Here is the output schema:
```
{"properties": {"employee": {"description": "The name of the employee assigned to the ticket", "title": "Employee", "type": "string"}, "topic": {"description": "The topic or aspect of the review that needs attention", "title": "Topic", "type": "string"}, "suggested_improvement": {"description": "The suggested improvement for the topic", "title": "Suggested Improvement", "type": "string"}}, "required": ["employee", "topic", "suggested_improvement"]}
```


In [None]:
import pandas as pd
from typing import List
from pydantic import BaseModel
from langchain.output_parsers import PydanticOutputParser
from pydantic import Field
from enum import Enum

class Department(str, Enum):
    """Departments in movie Theater"""
    FACILITIES = "facilities"
    FOOD = "food"
    MOVIE_PROGRAM = "movie program"


class Employee(BaseModel):
    """Employee in movie theater"""
    name: str
    department: Department


class Staff(list):
    def __init__(self, employees):
        super().__init__(employees)
        self._lookup = {e.name: e for e in employees}

    def is_valid_employee(self, name: str) -> bool:
        return name in self._lookup


staff = Staff([
    Employee(name="Alice", department=Department.FACILITIES),
    Employee(name="Bob", department=Department.FOOD),
    Employee(name="Chris", department=Department.MOVIE_PROGRAM)
])


class Ticket(BaseModel):
    """Ticket for suggested imporovemnt"""
    employee_name: str = Field(..., description="The name of the employee assigned to the ticket")
    topic: str = Field(..., description="The topic or aspect of the review that needs attention")
    suggested_improvement: str = Field(..., description="The suggested improvement for the topic")
    
    @field_validator("employee_name")
    def validate_employee(cls, v):
        if not staff.is_valid_employee(v):
            raise ValueError(f"Employee '{v}' is not in the staff list.")
        return v


In [None]:

def generate_ticket(llm, topic: str, staff: List[Employee]) -> Ticket:
    parser = PydanticOutputParser(pydantic_object=Ticket)
    staff_info = "\n".join([f"- {e.name} ({e.department})" for e in staff])
    format_instructions = parser.get_format_instructions()
    prompt_template = PromptTemplate.from_template(
        "You are assigning a ticket based on the following topic:\n"
        "Topic: {topic}\n\n"
        "The available staff are:\n{staff_info}\n\n"
        "{format_instructions}\n"
        "Choose the most suitable employee and suggest an improvement."
    )
    chain = prompt_template | llm | parser
    response = chain.invoke({
        "topic": topic,
        "staff_info": staff_info,
        "format_instructions": format_instructions
    })
    return response

def create_tickets(df: pd.DataFrame, llm, staff: List[Employee]) -> List[Ticket]:
    tickets = []
    for _, row in df.iterrows():
        topic = row['topics']
        ticket = generate_ticket(llm, topic, staff)
        tickets.append(ticket)
    return tickets

def process_reviews_and_generate_tickets(df: pd.DataFrame, llm, staff: List[Employee]) -> pd.DataFrame:
    df_final = (
        df
        .pipe(add_topics_column, llm=llm)
        .pipe(drop_col, "review")
        .pipe(categorize_reviews, llm=llm, valid_categories=VALID_CATEGORIES,  review_col = "topics")
    )
    tickets = create_tickets(df_final, llm=llm, staff=staff)
    return pd.DataFrame([t.model_dump() for t in tickets])
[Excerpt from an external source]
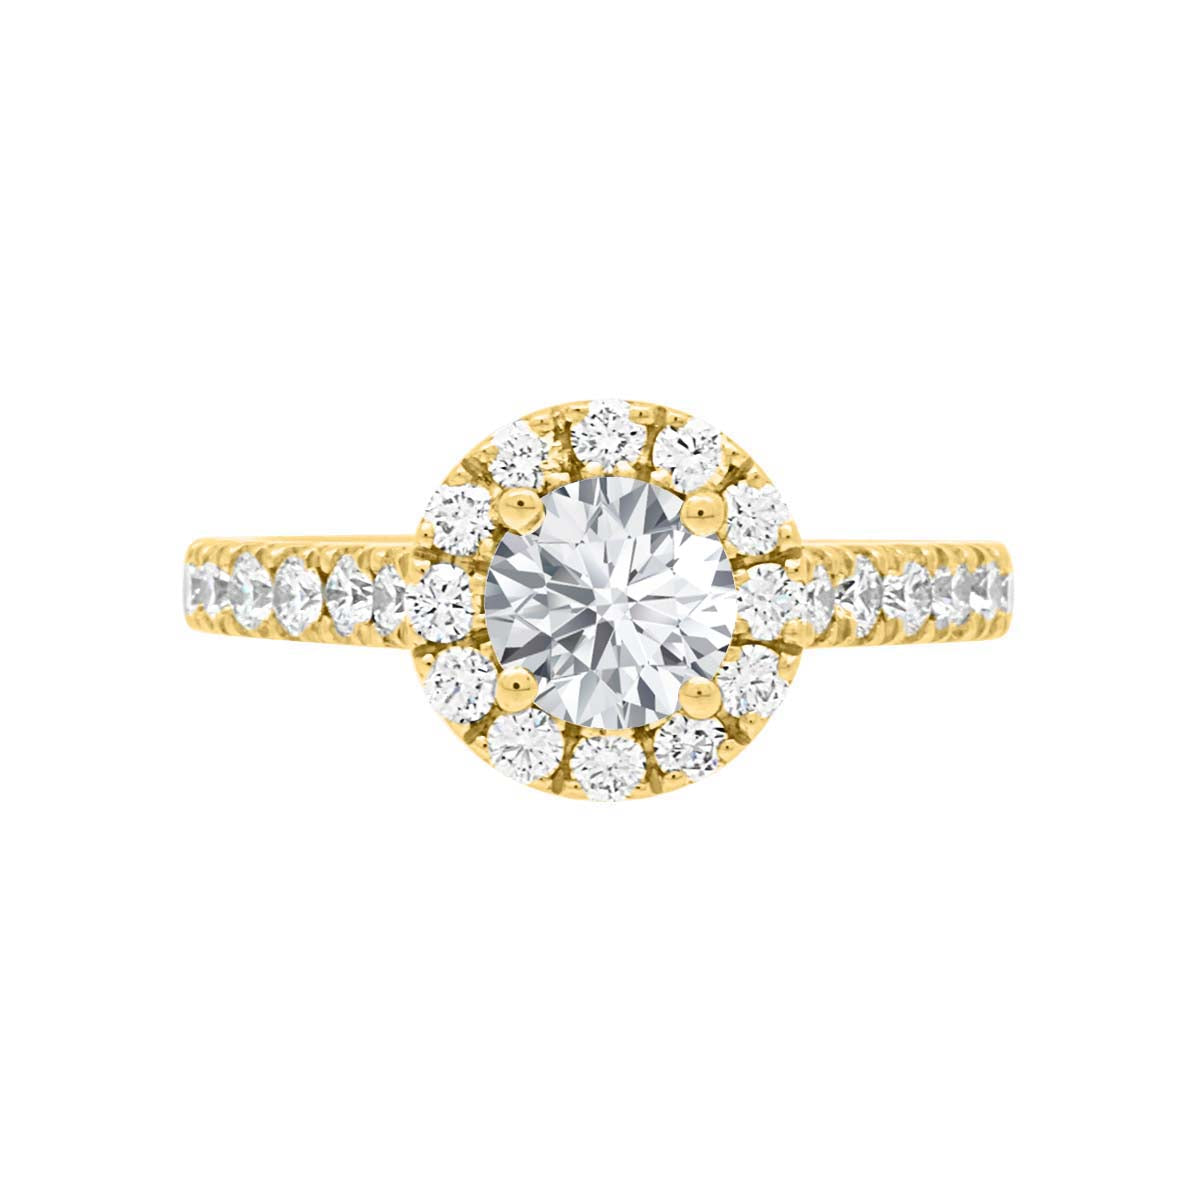 Halo Engagement Ring Diamond Band in yellow gold 
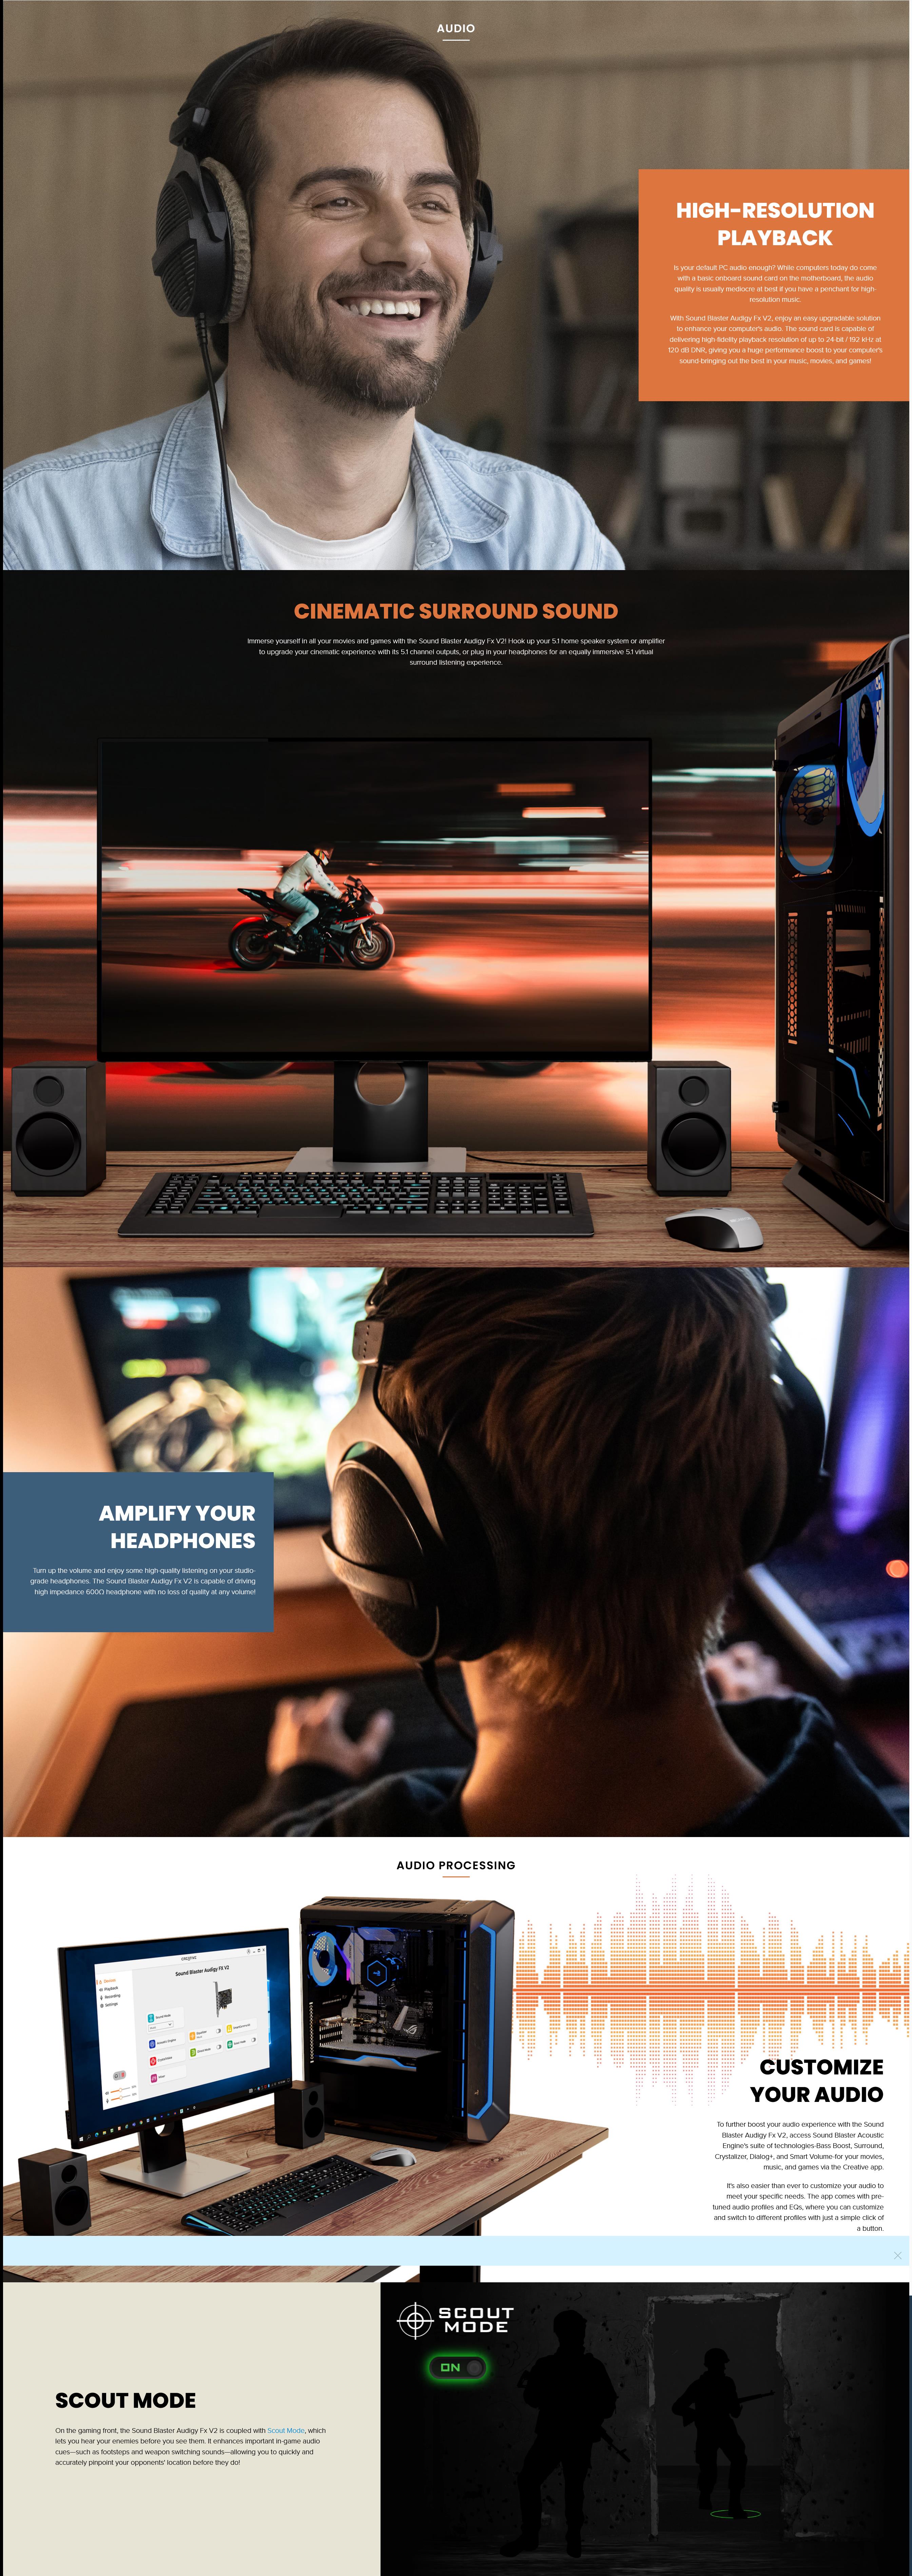 A large marketing image providing additional information about the product Creative Sound Blaster Audigy FX V2 PCI-E Sound Card - Additional alt info not provided

df_result = process_reviews_and_generate_tickets(df_complex, llm, staff)
df_result.head()

Unnamed: 0,employee_name,topic,suggested_improvement
0,Chris,Visually stunning and intellectually rich,Enhance the selection of films to include more...
1,Alice,broken recliner,Inspect and repair or replace the broken recli...
2,Alice,Staff were helpful,Implement a recognition program to further enc...
3,Bob,popcorn stale,Implement a freshness monitoring system for po...
4,Chris,Emotional but slow-paced,Consider incorporating more dynamic elements o...


## Task

Alice and Bob where really excited about the new ticket system, but would wanted to know what are quick wins. And Chris feels like it is not suitable for him. He requested an alternative format where he gets a summery with the following topic:
- Overal Story
- Actor Performance
- Special Effect

Improve and/or extend the pipeline so we can construct the right summary for Chris.